Traditional DAG analysis gives you a verdict at the endpoints. $X$ is d-separated from $Y$ given $Z$: True or False. The intervened distribution $P(y \mid do(x))$ is identifiable: Yes or No. This is the “full stop” regime.

But a boolean verdict discards the path. It tells you that water reaches the tap, but not whether it travelled through lead pipes, detoured through a cistern, or was siphoned off midway. To know the texture of a causal chain—to distinguish a default association from a derived conclusion, or to know whether an observed correlation persists because of the presence of one variable or the absence of another—you need to traverse the trail in slow motion, node by node, junction by junction.

Trail traversal gives the texture of causal chains; endpoint booleans do not.

Two Communities, One Missing Link

Remarkably, two intellectual neighborhoods have been circling this problem from opposite ends without quite meeting in the middle:

The Causal Inference community (Pearl et al.) is structurally obsessed. It abstracts the world into absolute black-and-white: if d-separation holds, the answer is True; otherwise, False. They are plumbers who care only whether the pipe is open, not what contaminant rides the flow. After 2009, the field’s theoretical engine on this particular front seems to have stalled—perhaps because every remaining graph-theoretic challenge starts to look like the Four Color Problem, solvable only by brute force unless a new representational insight appears.

The Quantitative Information Flow (QIF) community (Alvim, Palamidessi, Smith et al.) is capacity-obsessed. They compute leakage in bits, bound it with Shannon capacity, and seek KKT certificates for optimality. But their channel models are often toy simplifications, stripped of topological depth. They measure the volume of water without being able to trace the pipe’s winding route through the labyrinth.

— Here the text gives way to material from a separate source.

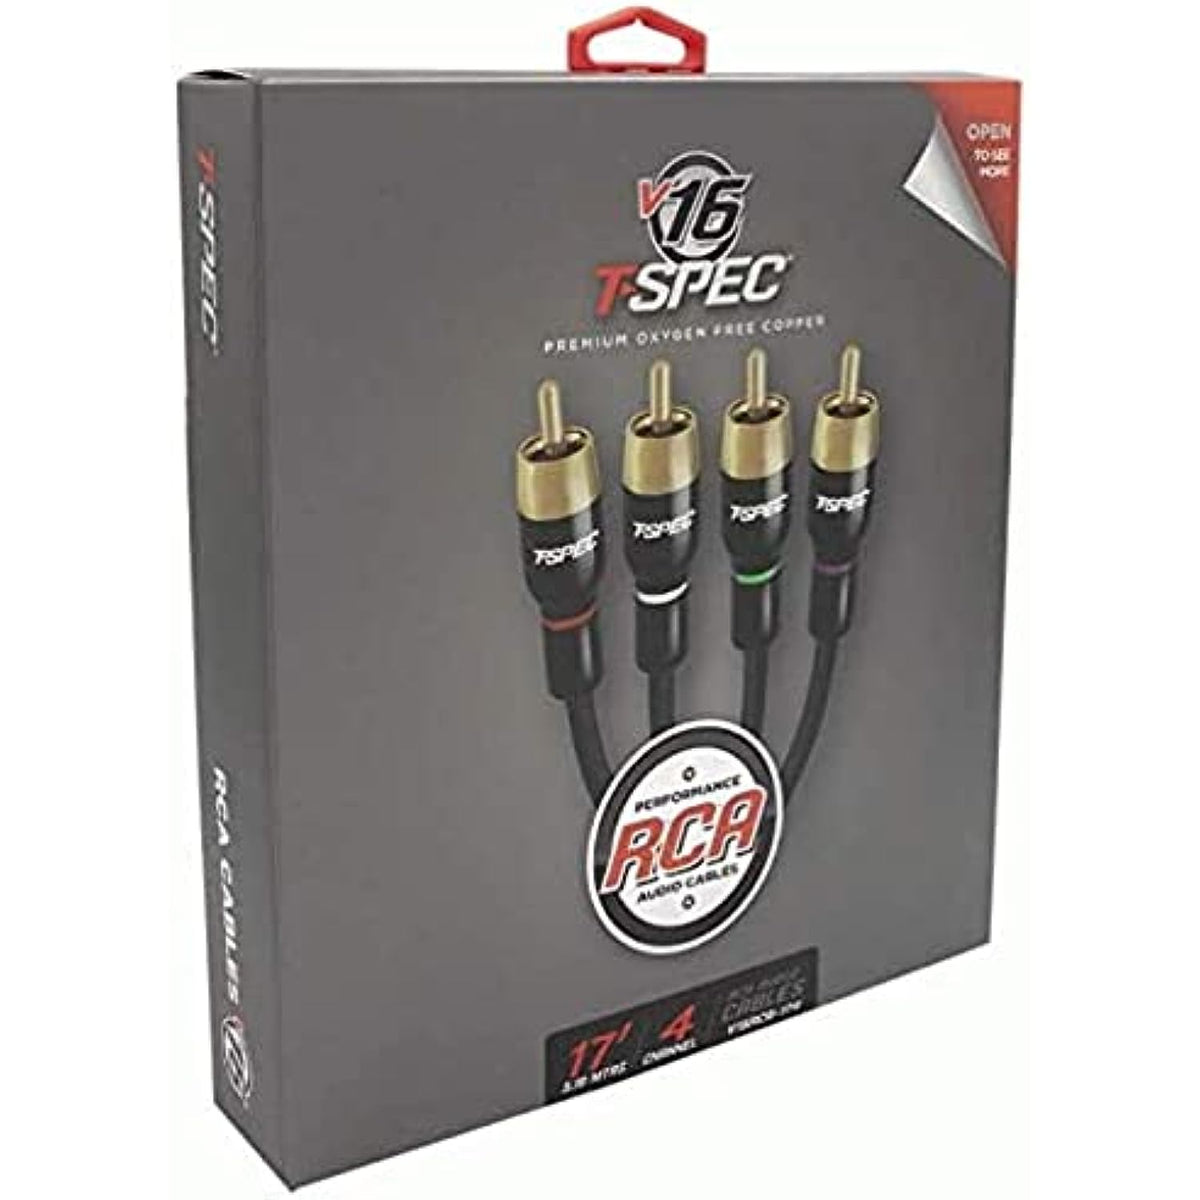 T-SPEC - V16 Series 4 Channel Rca Audio Cables - 17 Feet,V16 Series Audio Cables (V16RCA-174)

Both communities study DAGs plus information flow. Yet:

Causal inference has the topology but no quantitative bound.
QIF has the quantitative machinery but no trail-level topological witness.

No one has connected them. Why? Because the causal side asks “Is it identifiable?” and the QIF side asks “How many bits leak?"—and neither side has a formalism that answers both at once while retaining the path as a first-class object.

Lemma 1: The Collider Ancestor Leak & Rerouting

Consider a collider $u \rightarrow w \leftarrow v$. Textbook d-separation says evidence can pass through $w$ only when $w$ or a descendant is observed. But this description conflates two distinct phenomena.

Suppose we are testing whether $X$ and $Y$ are d-separated given $Z$. If a descendant of $w$ leads only to $X$ or $Y$ and not to $Z$, then the collider is not “activated by $Z$” in any global sense. It is activated because it creates a connected route from a source to a destination. The conditioning set is, locally, a red herring.

Path Normalization / Rerouting

Claim: If a descendant of $w$ leads to $X$, the original long path was never necessary; the descendant path itself provides a shorter route.

Proof sketch. Take any active trail passing through collider $w$ and reaching $X$ via descendant $d$. Replace the subpath from $w$ to $X$ with $w \leadsto d \leadsto X$. By minimality of active trails (or induction on cutset size), the rerouted path is no longer than the original and preserves endpoint connectivity. The original trail was therefore non-minimal, containing a redundant detour shortcuttable through the collider’s own descendant. ∎

The upshot: collider “activation” is often just topological connectivity leaking outward, not a special global event mediated by the conditioning set.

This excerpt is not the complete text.